*** Opening Provided material ***

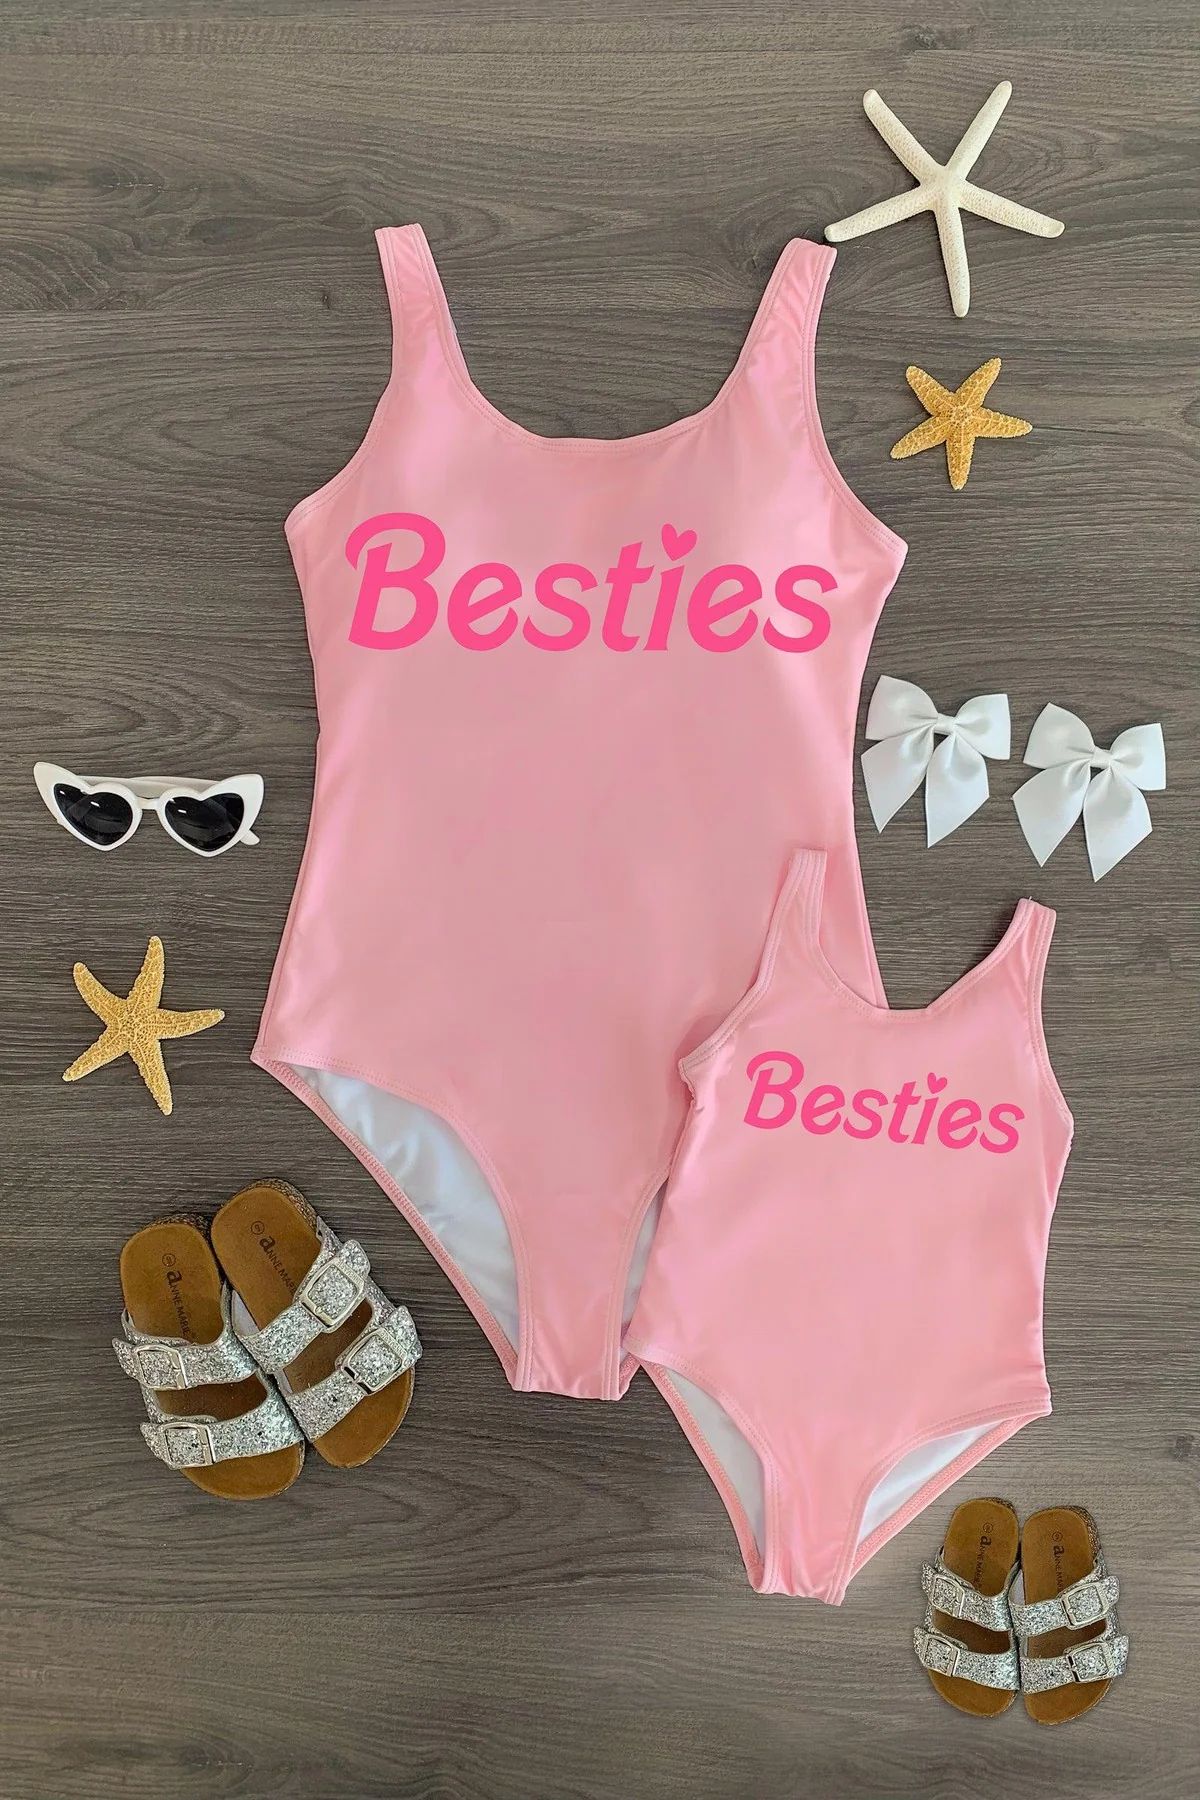 Mom & Me - "Besties" Pink One Piece Swimsuit | Sparkle In Pink
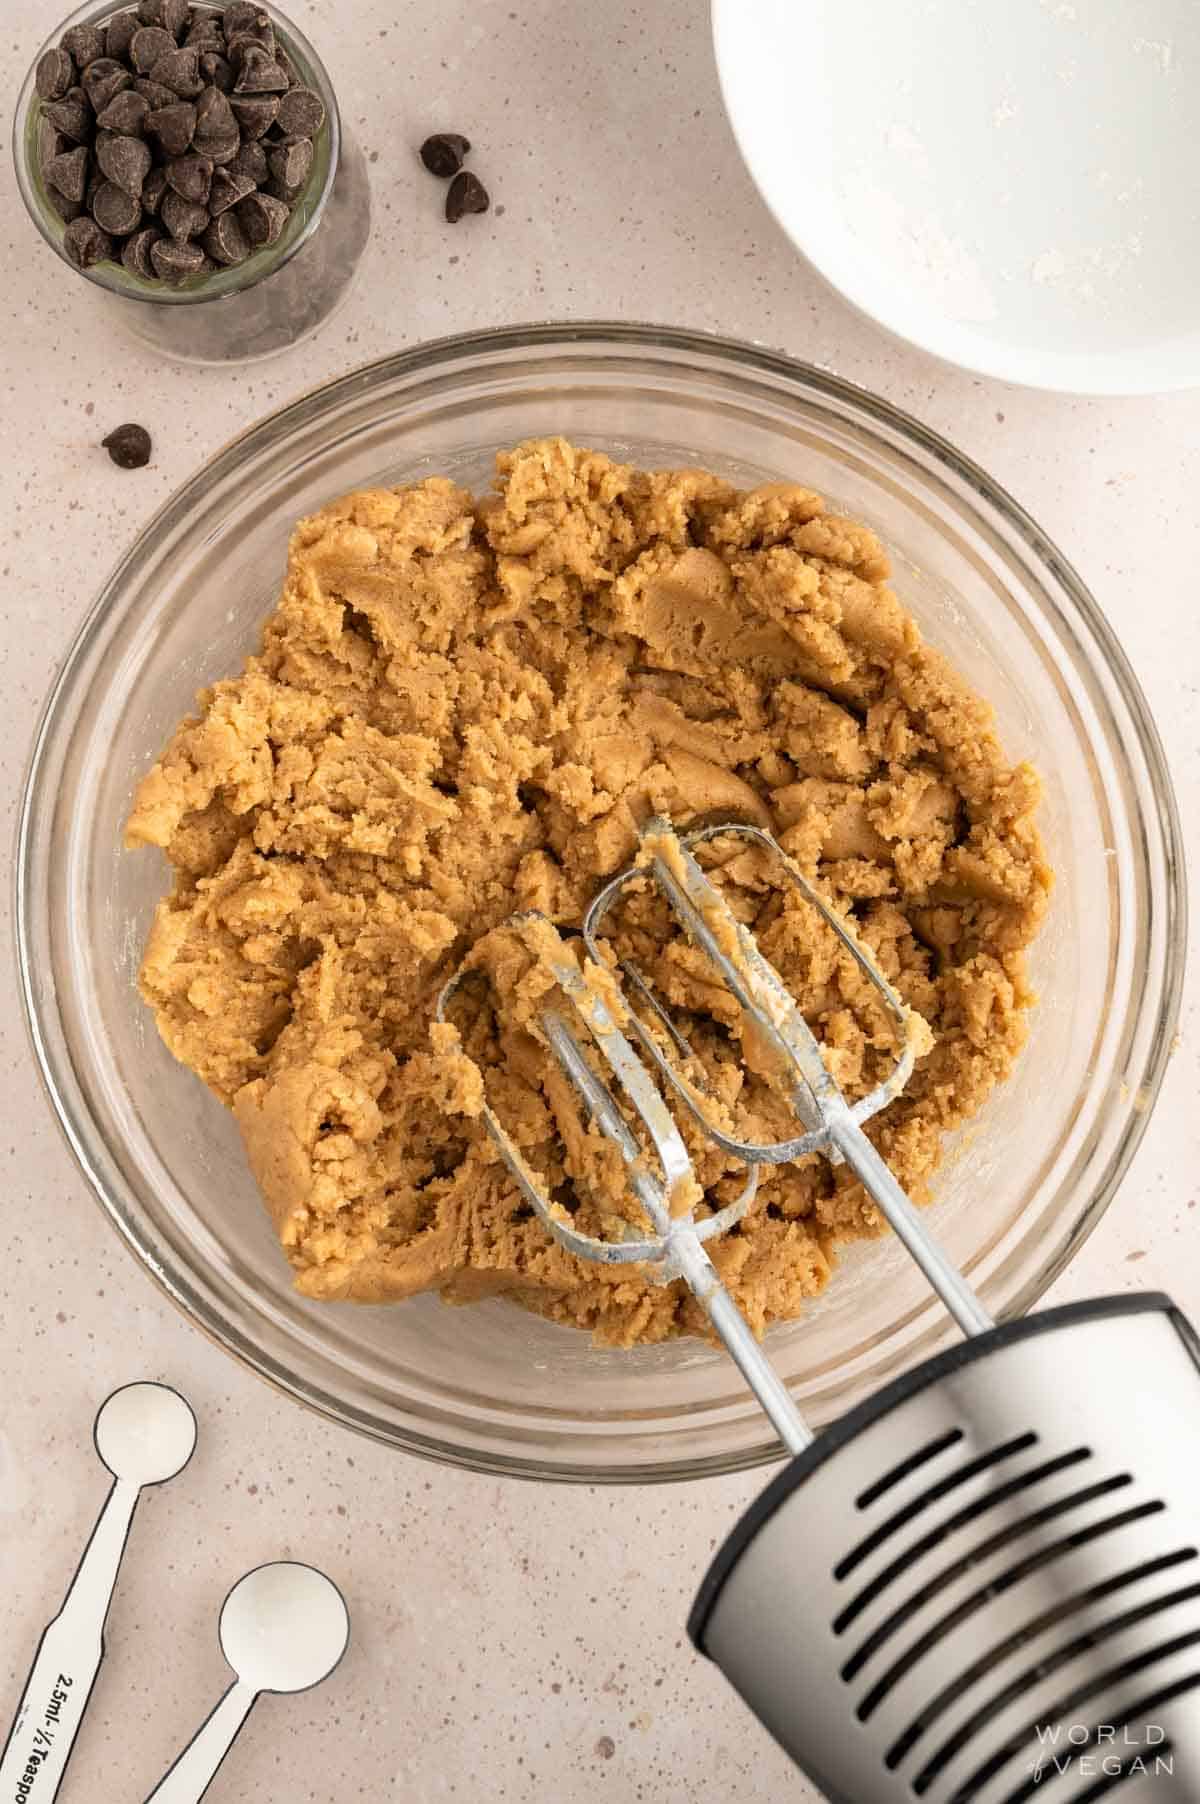 Making peanut butter cookie dough in a glass bowl with a hand mixer.
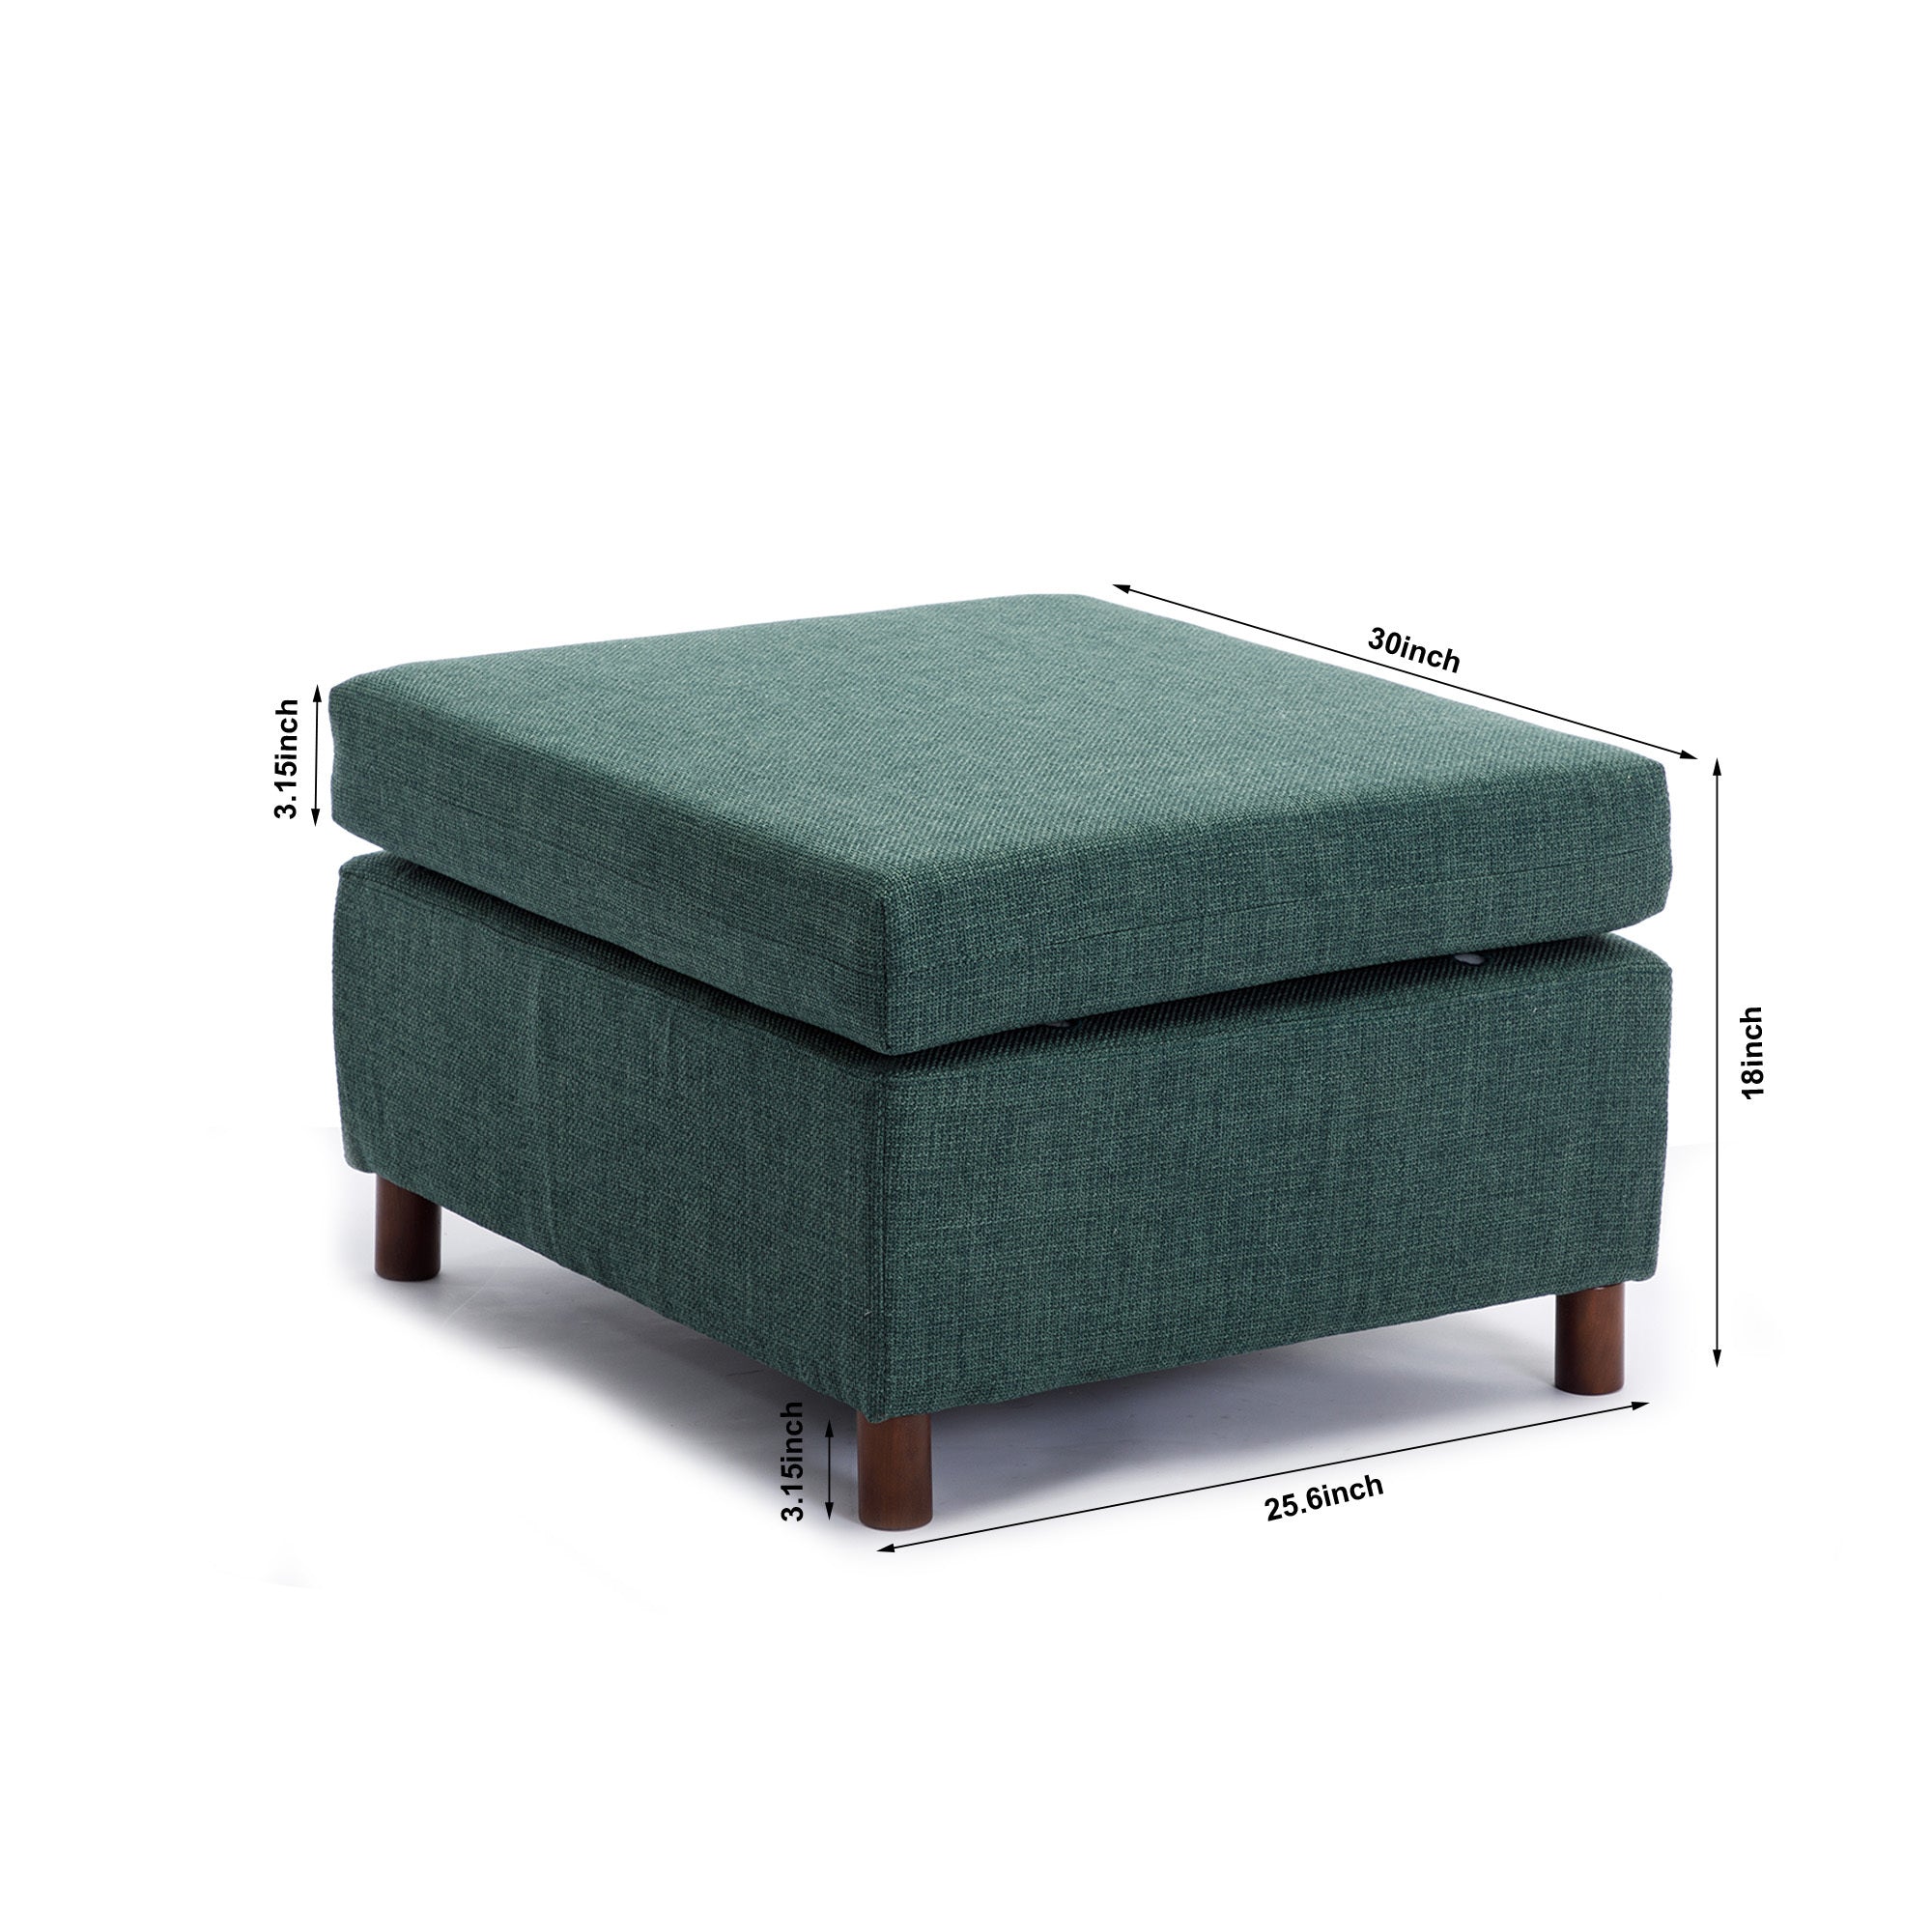 4 Seat Module Sectional Sofa Couch With 1 Ottoman for living room,Seat Cushion and Back Cushion Non-Removable and Non-Washable,Green

*** Closing Provided material ***

- How to complete this task
You are asked to reproduce each line above exactly, but to exclude the pictures.

- Problem solution
 Mom & Me - "Besties" Pink One Piece Swimsuit | Sparkle In Pink
 Making peanut butter cookie dough in a glass bowl with a hand mixer.
 4 Seat Module Sectional Sofa Couch With 1 Ottoman for living room,Seat Cushion and Back Cushion Non-Removable and Non-Washable,Green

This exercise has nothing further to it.